Pretty simple, but even for a simple function like that you'd want to write a few test cases. In fact, when I did, I found a bug. I'm sure many readers have spotted it already.

func ReverseInts(s []int) {
    first := 0
    last := len(s) - 1
    for first < last {
        s[first], s[last] = s[last], s[first]
        first++
        last--
    }
}

We need to subtract 1 when we set the variable last.

Now let's reverse a slice of string.

func ReverseStrings(s []string) {
    first := 0
    last := len(s) - 1
    for first < last {
        s[first], s[last] = s[last], s[first]
        first++
        last--
    }
}

If you compare ReverseInts and ReverseStrings, you'll see that the two functions are exactly the same, except for the type of the parameter. I don't think any reader is surprised by that.

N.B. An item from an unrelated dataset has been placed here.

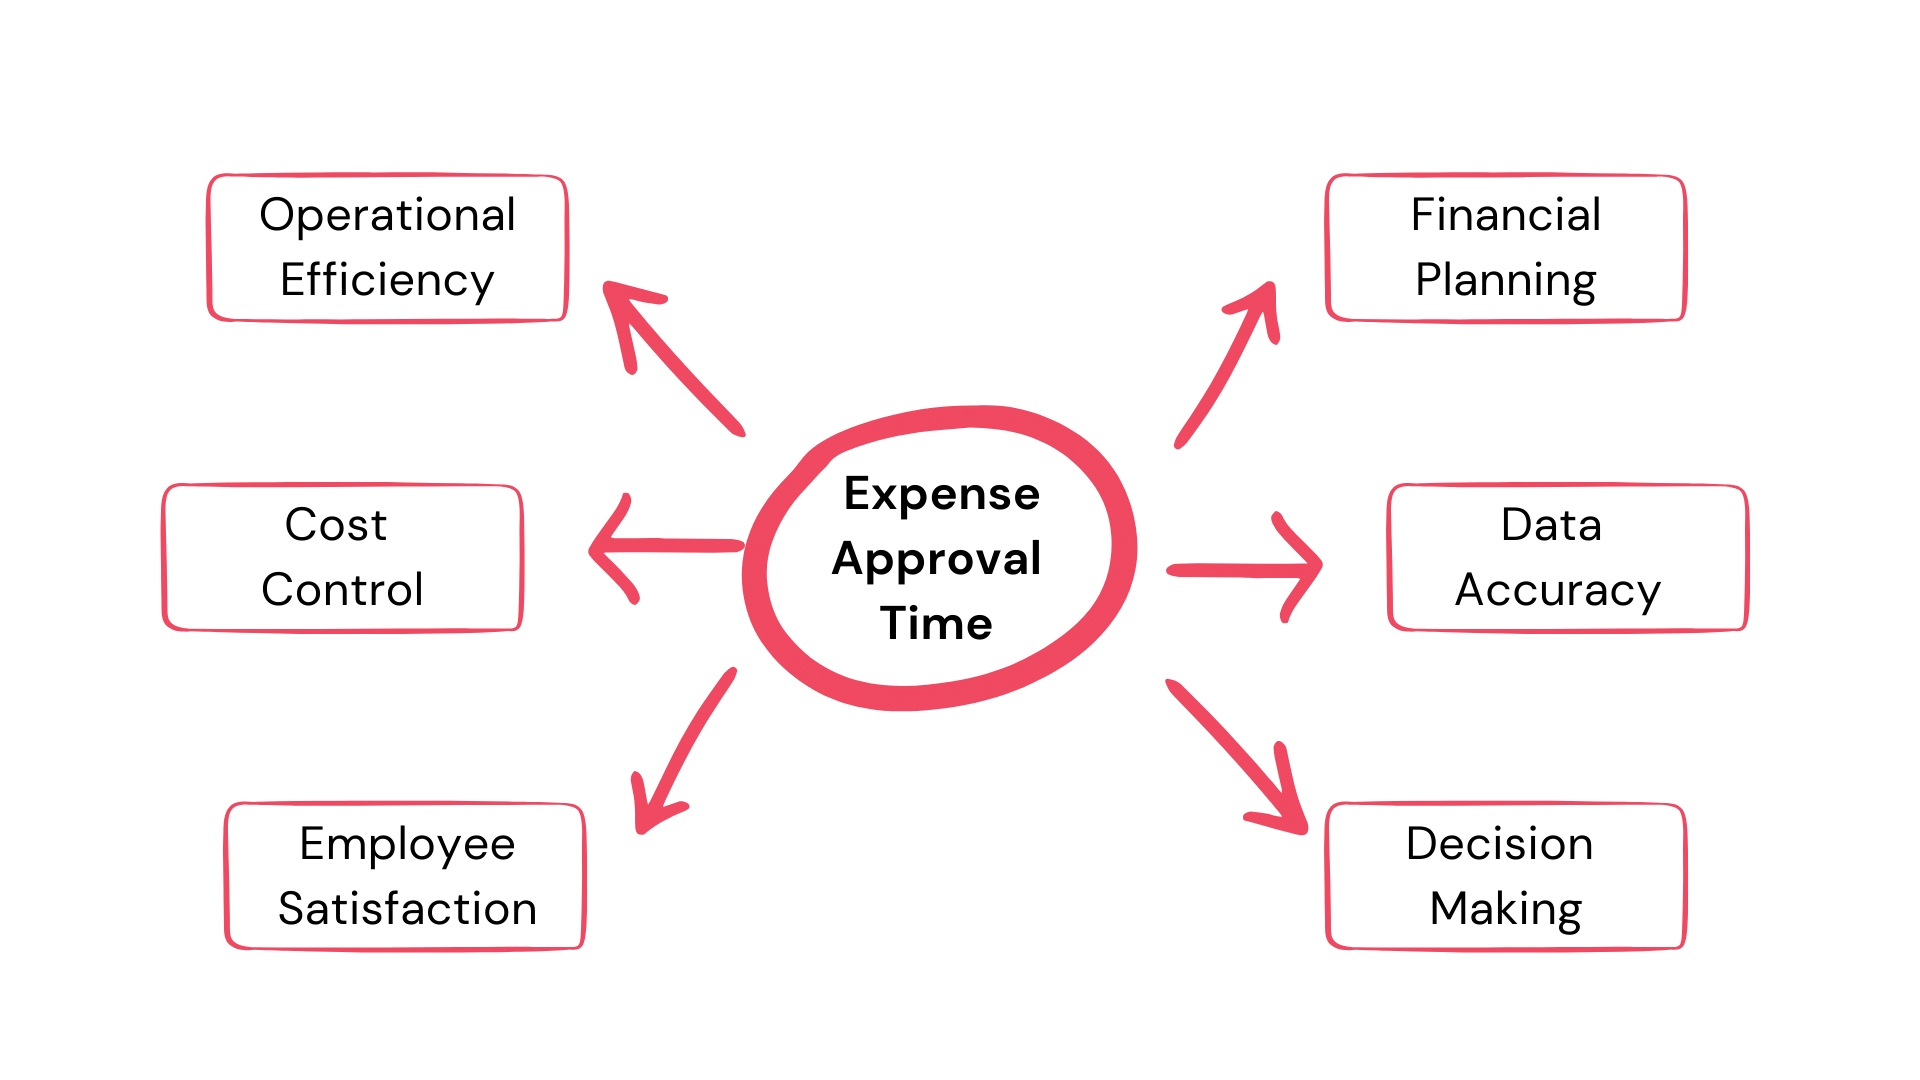 Expense Approval Time

What some people new to Go find surprising is that there is no way to write a simple Reverse function that works for a slice of any type.

Most other languages do let you write that kind of function.

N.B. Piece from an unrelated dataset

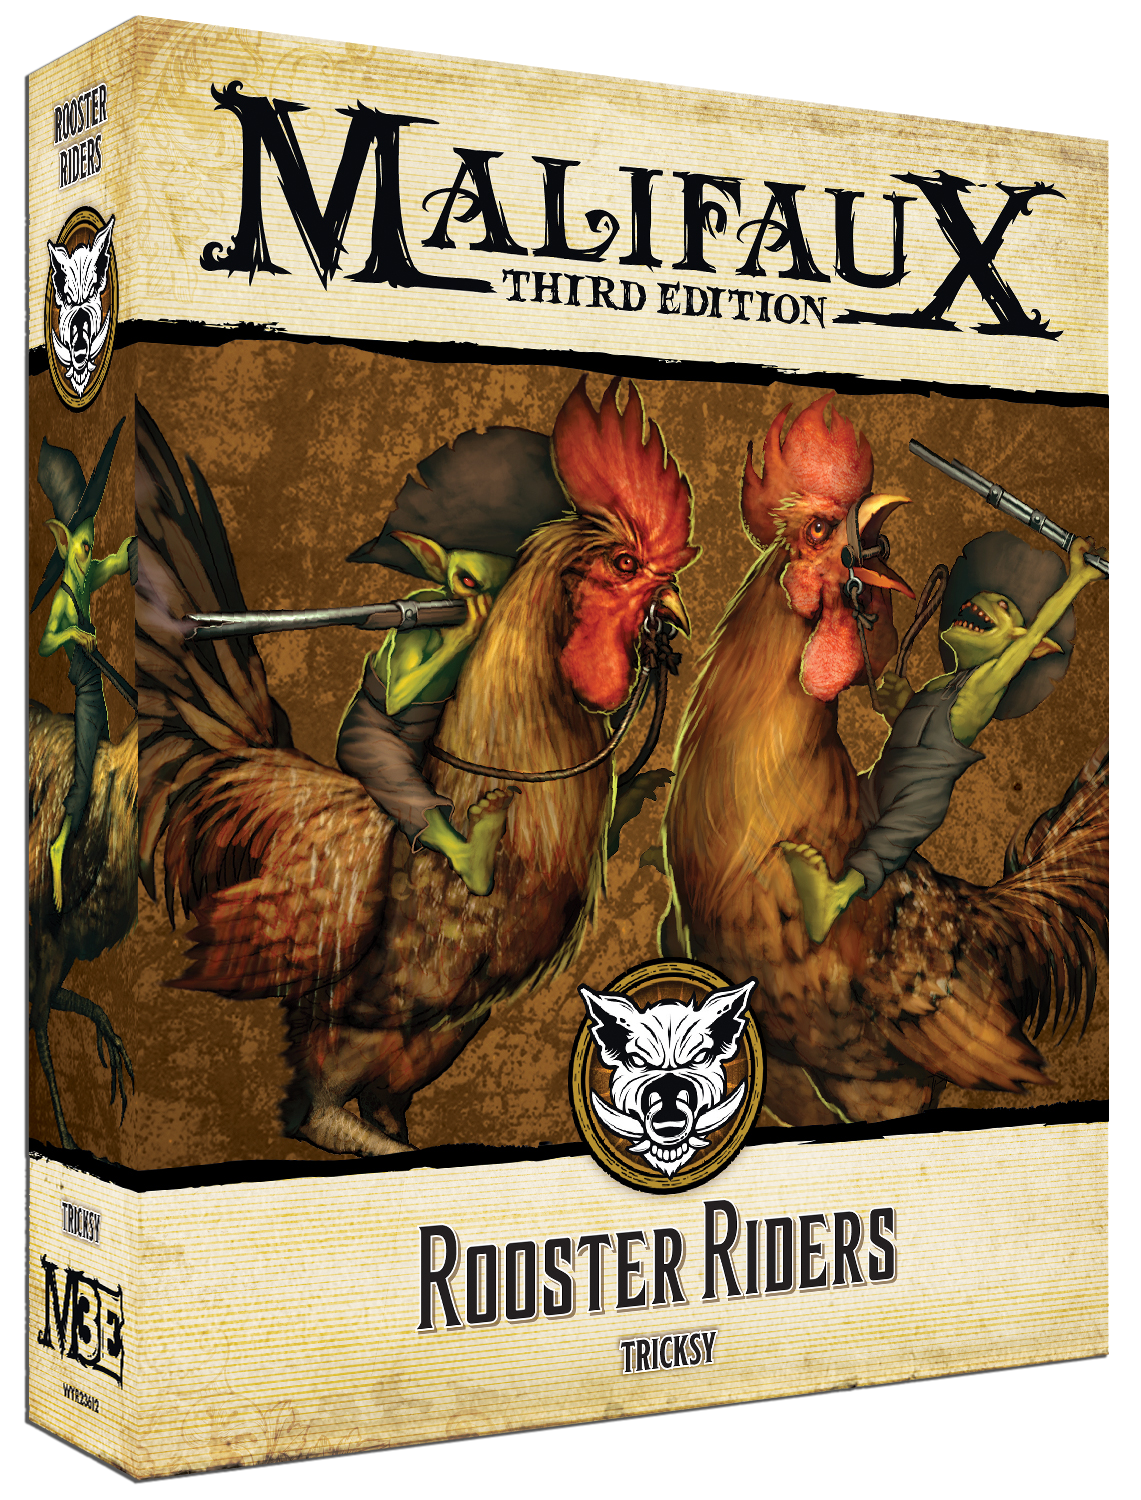 ROOSTER RIDERS

In a dynamically typed language like Python or JavaScript you can simply write the function, without bothering to specify the element type. This doesn't work in Go because Go is statically typed, and requires you to write down the exact type of the slice and the type of the slice elements.

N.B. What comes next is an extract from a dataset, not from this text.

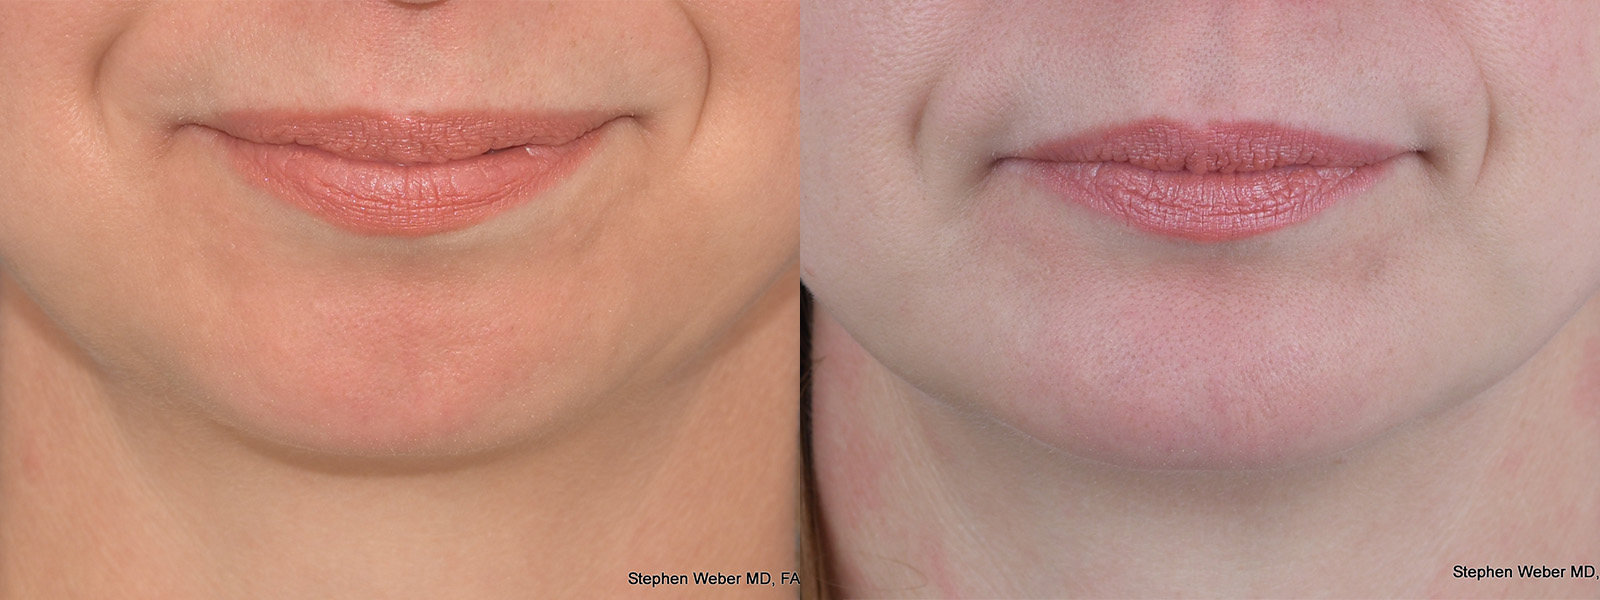 Chin Implant Before and After | Weber Facial Plastic Surgery

Most other statically typed languages, like C++ or Java or Rust or Swift, support generics to address exactly this kind of issue.

Go generic programming today

So how do people write this kind of code in Go?

In Go you can write a single function that works for different slice types by using an interface type, and defining a method on the slice types you want to pass in. That is how the standard library's sort.Sort function works.

In other words, interface types in Go are a form of generic programming. They let us capture the common aspects of different types and express them as methods. We can then write functions that use those interface types, and those functions will work for any type that implements those methods.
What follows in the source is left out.